As a natural source for obtaining CTD, the CTD biosynthesis mechanism in certain blister beetles has been the focus of multiple studies (Agranoff et al., 1960; McCormick et al., 1986; Lu et al., 2016). The partial genomes of the most commercially important species in Chinese traditional medicine, Hycleus cichorii and Hycleus phaleratus, have been determined to provide the genetic background of blister beetles (Jiang et al., 2017). Moreover, according to the transcriptome analysis of Mylabris cichorii, another blister beetle also widely used in clinical treatment, the mevalonate (MVA) pathway and juvenile hormone biosynthesis may contribute to CTD biosynthesis (Huang et al., 2016). Although these findings provide a references for the experimental study of biosynthetic pathway mechanisms in different meloid beetles (Yin and Jin, 2010; Lu et al., 2016; Huang et al., 2016), the whole genome data required to study the genetic basis of the entire process remains unavailable (Wu et al., 2018). In addition, although many genes involved in CTD biosynthesis have been identified, new genes may still be identified using a newly obtained genome (Yin and Jin, 2010; Huang et al., 2016; Jiang et al., 2017). Therefore, utilizing multiple genomes from blister beetle species able to produce CTD will enable comparative genomic research to provide better understanding of the entire production mechanism. A whole gene set is helpful to accelerate research and provide useful background information on the systematic and evolutionary processes of CTD producing species. Additional genomes from the Meloidae family will enable researchers to trace the development of CTD biosynthesis. Generation of a genome from the Mylabris genera will provide a reference for other related species and value for further physiological and evolutionary research experiments.
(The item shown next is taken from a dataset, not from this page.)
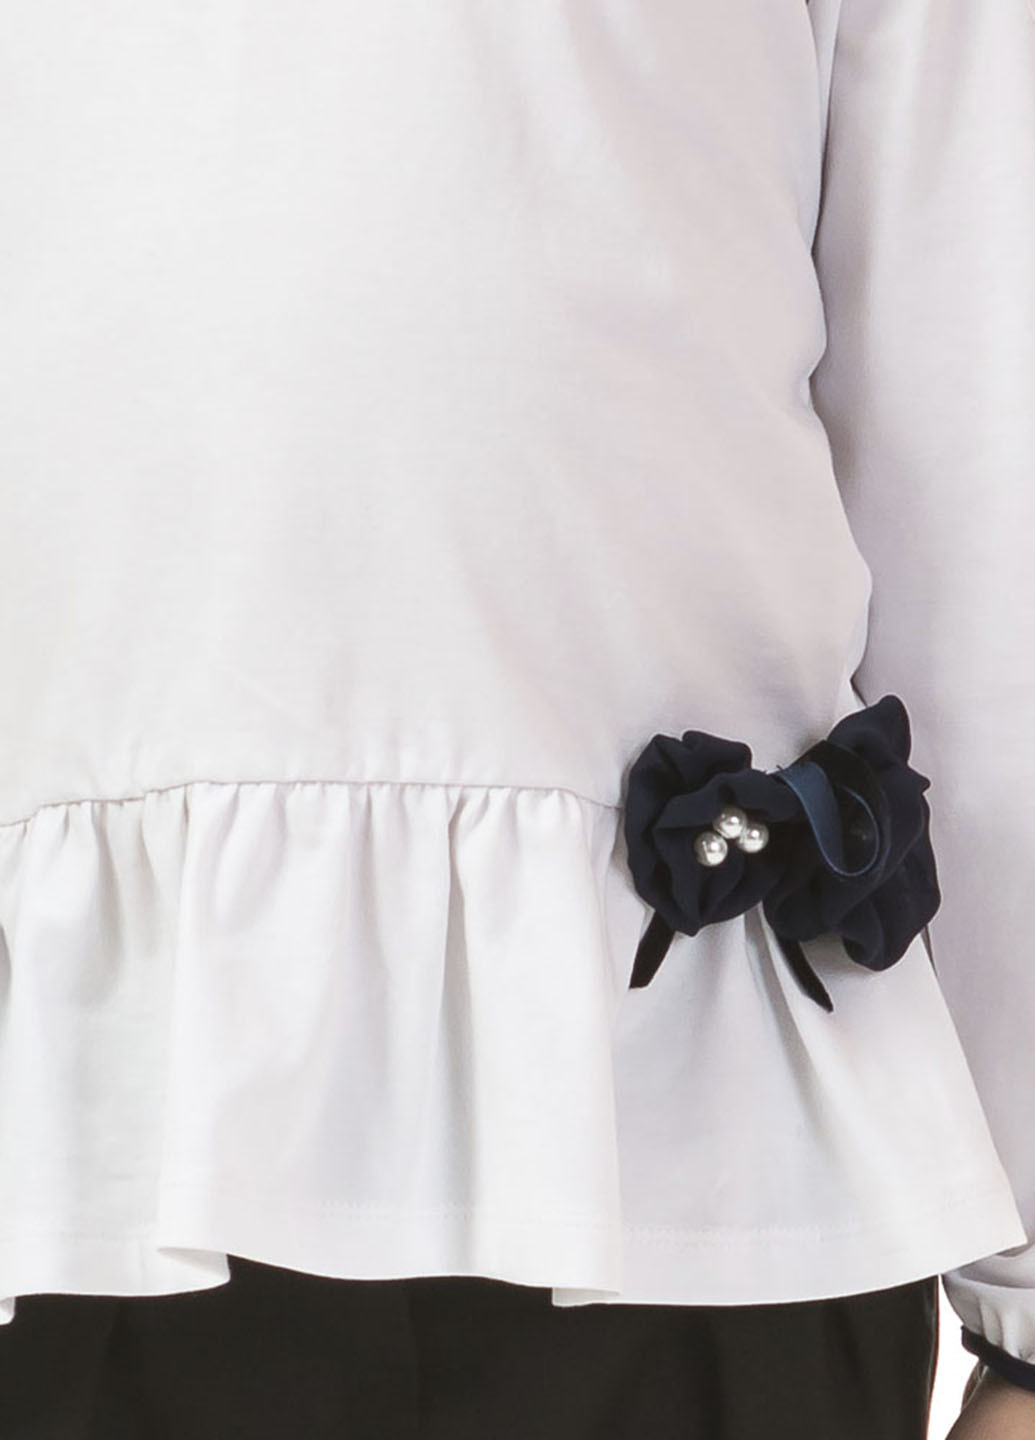 Белая однотонная блузка с длинным рукавом Kids Couture демисезонная

Mylabris aulica is a commonly distributed blister beetle with a large population in inner-Mongolia, China, and the same ability to produce CTD as other blister beetles; therefore, this species has great research potential as a prospect to obtain natural CTD. This species has been utilized for medical purposes, but not for commercial trade (Carrel et al., 1986).

Here, we report the first draft genome assembly of M. aulica (NCBI: txid1914941) using long reads. This study obtained and assembled the M. aulica genome sequence, then annotated the identified genes to further explore the characteristics of the M. aulica genome while paying particular attention to CTD biosynthesis. By combining time-tree construction and orthologous analyses with related species, we tentatively explored the time frame when CTD biosynthesis likely appeared in these species. To learn more about the genes related to CTD biosynthesis, we analyzed the similarity and differences of genes in M. aulica and related species. Knowledge of the genetic background of this and similar species will not only contribute to the study and usage of blister beetles, but also aid in supplying the increasing demand for naturally derived CTD, thereby lowering prices for this medicinal material.

Materials and Methods

Sample Collection and Sequencing

Twenty-one adult M. aulica (NCBI txid1914941) beetles were collected from Hailaer, Inner-Mongolia Province, China in August 2018. Genomic DNA was extracted from each individual male beetle using DNAeasy Tissue Kits (Qiagen, Halden, Germany). With the retrieved genomic DNA, two DNA libraries of different insert sizes were constructed and the Illumina X-ten (Illumina HiSeq X-Ten, San Diego, California) and Nanopore promethION (Oxford Nanopore Technologies) (Wouter et al., 2019) platforms were used for DNA sequencing. The short-read Illumina sequencing library was obtained by performing g-TUBE fragmentation, repair, adaptor connection, digestion with exonuclease, and recycling approximately 350 bp sequences using approximately 1.5 μg DNA according to standard sequencing kit protocol (NEBNext Ultra DNA Library Prep Kit for Illumina). The long-read Nanopore sequencing library was constructed using 5 μg DNA and the SQK-LSK109 sequencing preparation kit (Ligation Sequencing Kit). The retrieved library had a mean DNA fragment length of approximately 20 kb.

Genome Assembly, Polishing, and Completeness Assessment

After sequencing, a strict quality control on the raw Illumina and Nanopore sequencing data was performed using Trimmomatic v0.39 (Bolger et al., 2014) and Nanofilt v2.3.0 (De Coster et al., 2018), respectively. Reads with low quality (Q30 < 90%) or those that contained more than 5% unknown bases were removed. Environmental microbe contamination was removed by deleting sequences that provided hits in the GenBank env_nt database (ftp://ftp.ncbi.nlm.nih.gov/blast/db/). Before assembly, a k-mer based analysis was performed to estimate genome size using GCE (genome characteristics estimation) (Liu et al., 2009; Manekar and Sathe, 2018) using all the short-read DNA sequences. The estimated size of the genome guided further assembly by helping with software parameter adjustments. A pipeline integrating CANU (Koren et al., 2017) and MECAT (Xiao et al., 2017) was then used to conduct the assembly using genome sequencing data with default parameters. CANU was used to generate more accurate self-corrected reads with a corrected error rate equal to 0.050. MECAT was used to generate contigs. To improve assembly accuracy, the generated Nanopore sequenced data assembly was polished using Pilon (Walker et al., 2014) with next generation data. The Nanopore sequenced data was mapped back to the assembly with Minimap2 (Li, 2018) to check the correctness. Whole genome completeness was assessed using BUSCO (benchmarking universal single-copy orthologs) v3 (Simao et al., 2015).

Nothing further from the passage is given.